"We ask for disenchanted Socialists' votes openly and honestly"
United Left general coordinator Cayo Lara says his grouping can offer principled opposition to Popular Party
The leftwing United Left (IU) coalition does not conceal the fact that it is after the votes of Socialist sympathizers disillusioned with the Zapatero administration. Its leader, Cayo Lara, a former agricultural union chief and veteran of the Spanish Communist Party (PCE), is casting his eyes on this other constituency as though a long-desired treasure had finally come within his grasp.
Question. Six months ago, in local elections, Spain veered sharply right toward the Popular Party (PP). What makes you believe that citizens want leftwing politics now?
Answer. Part of the Socialist Party's constituency feels betrayed and is now considering its options. That's who we are aiming for.
Q. For years it was the Socialists who went fishing for votes among IU's supporters. Have the tables finally turned?

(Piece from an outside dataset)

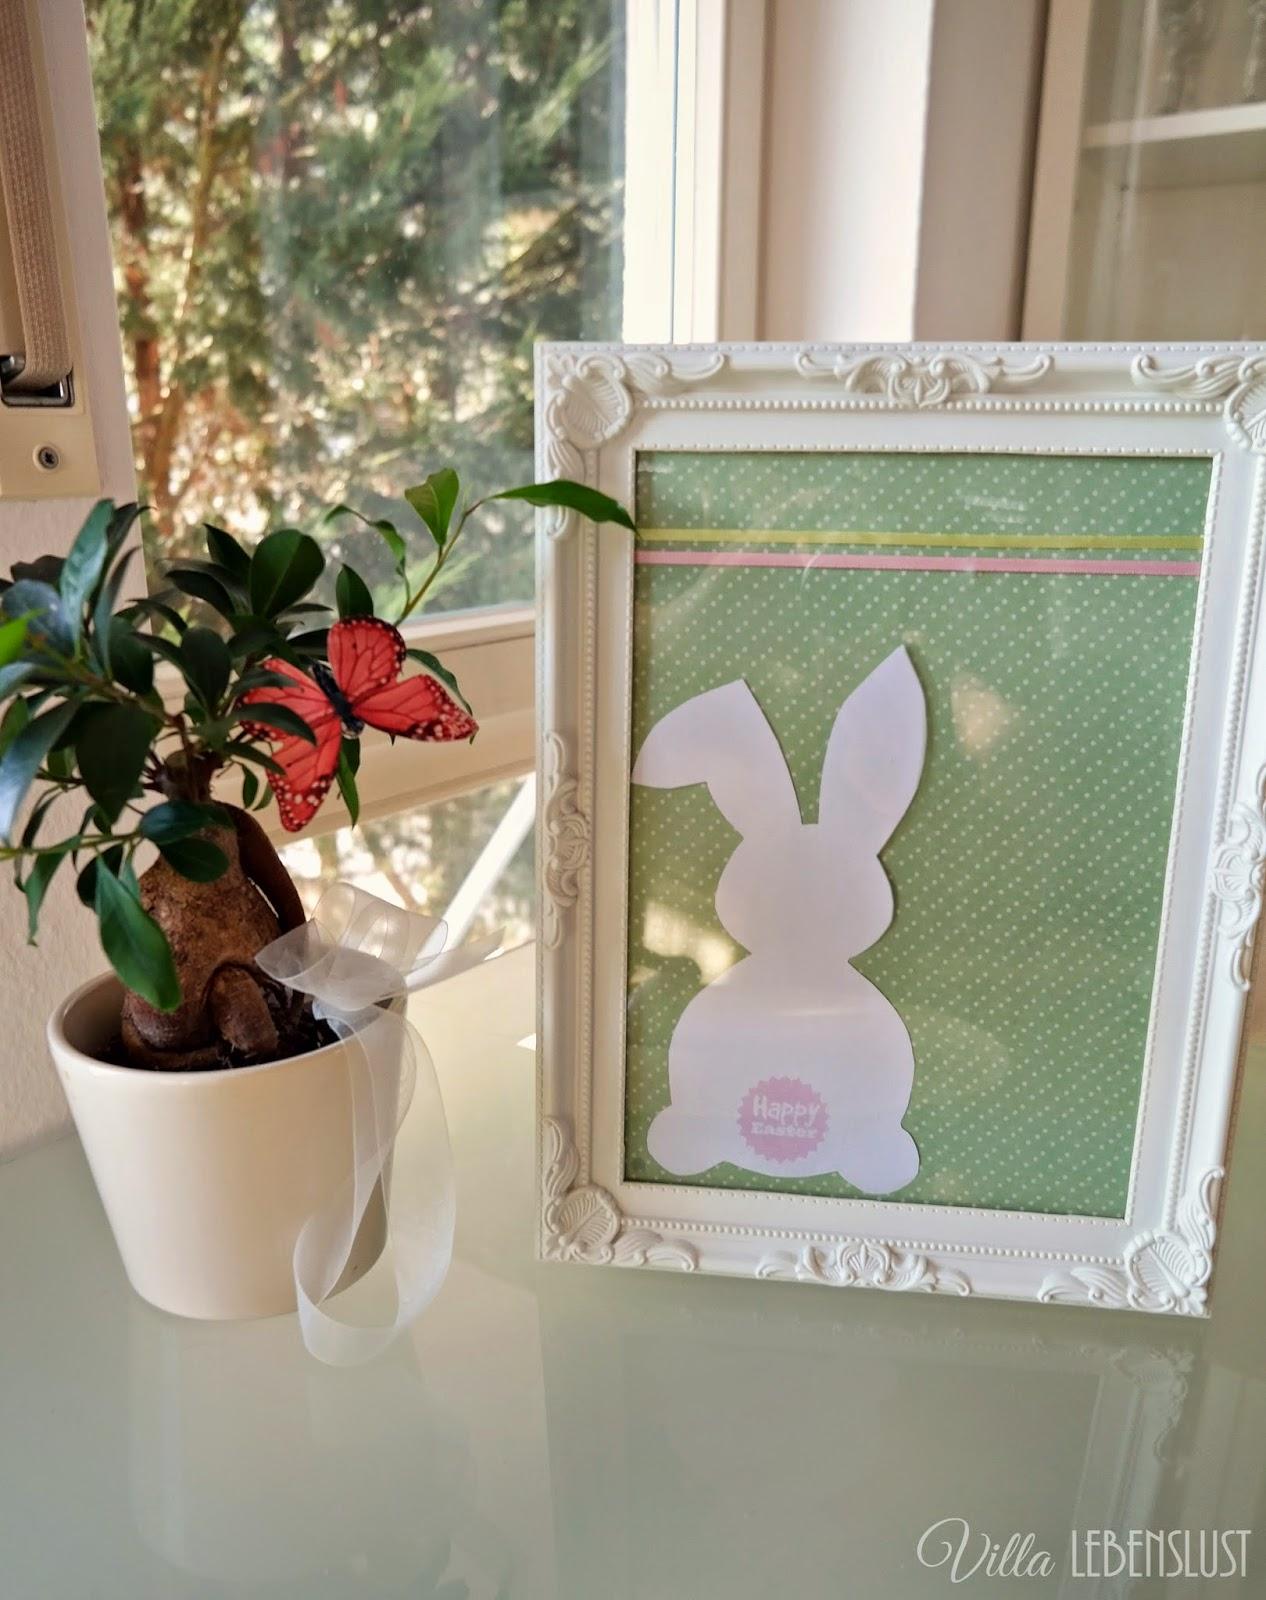 Villa Lebenslust Blog: DIY Osterhasenbild mit Happy Easter-Puschel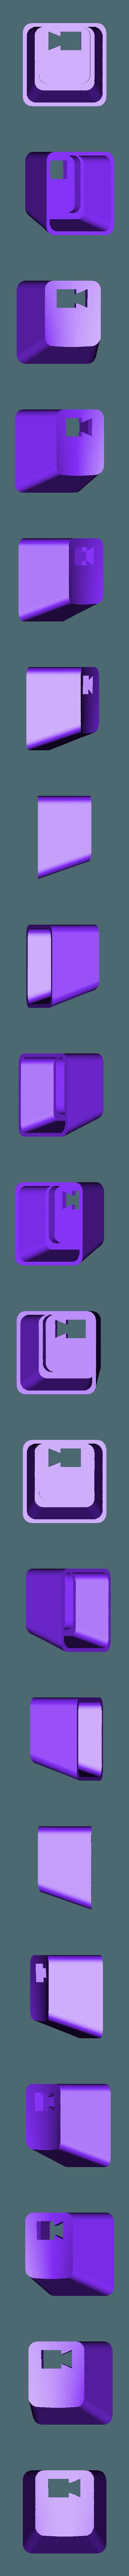 key_rec2.stl Download free STL file Key cap • 3D printing object, MakeItWork

A. The Socialists used tricks to do that. They used an unfair electoral law and appealed to the "useful vote" by screaming "Watch out! The right is coming!" The difference is that we have not created an unfair law. We are openly and honestly asking for the vote of disenchanted Socialist sympathizers. We are saying that we will not let them down. The useful vote to stop the rise of the right in parliament, here and now, is a vote for IU. Every time the Socialists open their mouth to criticize the PP's policies, they'll be told: "You did the same only yesterday." They have no moral authority to be a good opposition.
Q. Is the Socialist Party and the PP the same thing, as you've claimed in your campaigning?
A. Policies are what define them. The vast majority of the Socialists' and the PP's policies coincide - economic measures, the ban on universal jurisdiction, financing of the Catholic Church, the Libyan war. And that's because general policy is set by the EU and it's a neoliberal policy.
Q. So if their policies are the same, why is it acceptable to support one but not the other? Is the difference in the acronyms?
A. We've always been light years away from the PP. The Socialist Party has gradually abandoned social-democratic policies and embraced neoliberalism. During Zapatero's last term, this embrace has been complete. What's more, I believe that either there is an internal revolution in the Socialist Party that produces two different organizations, or else they will be incapable of resolving their situation.
Q. Are you hoping for the Socialist Party to split in two?
A. I think it's already fractured... When social democracy renounces social democratic policies, it renounces principles that will be taken up by other people. What they've done is renounce their essence.
Q. If the next government, faced with a hypothetical risk of a bailout for Spain, asked all parties to support a spending-cut plan, would IU support that?
A. No. Not a spending-cut plan, never. We would support a plan to fight tax fraud and a progressive fiscal reform so that the resources that are now in a few hands - in what is a humiliation for democracies - can revert to the state.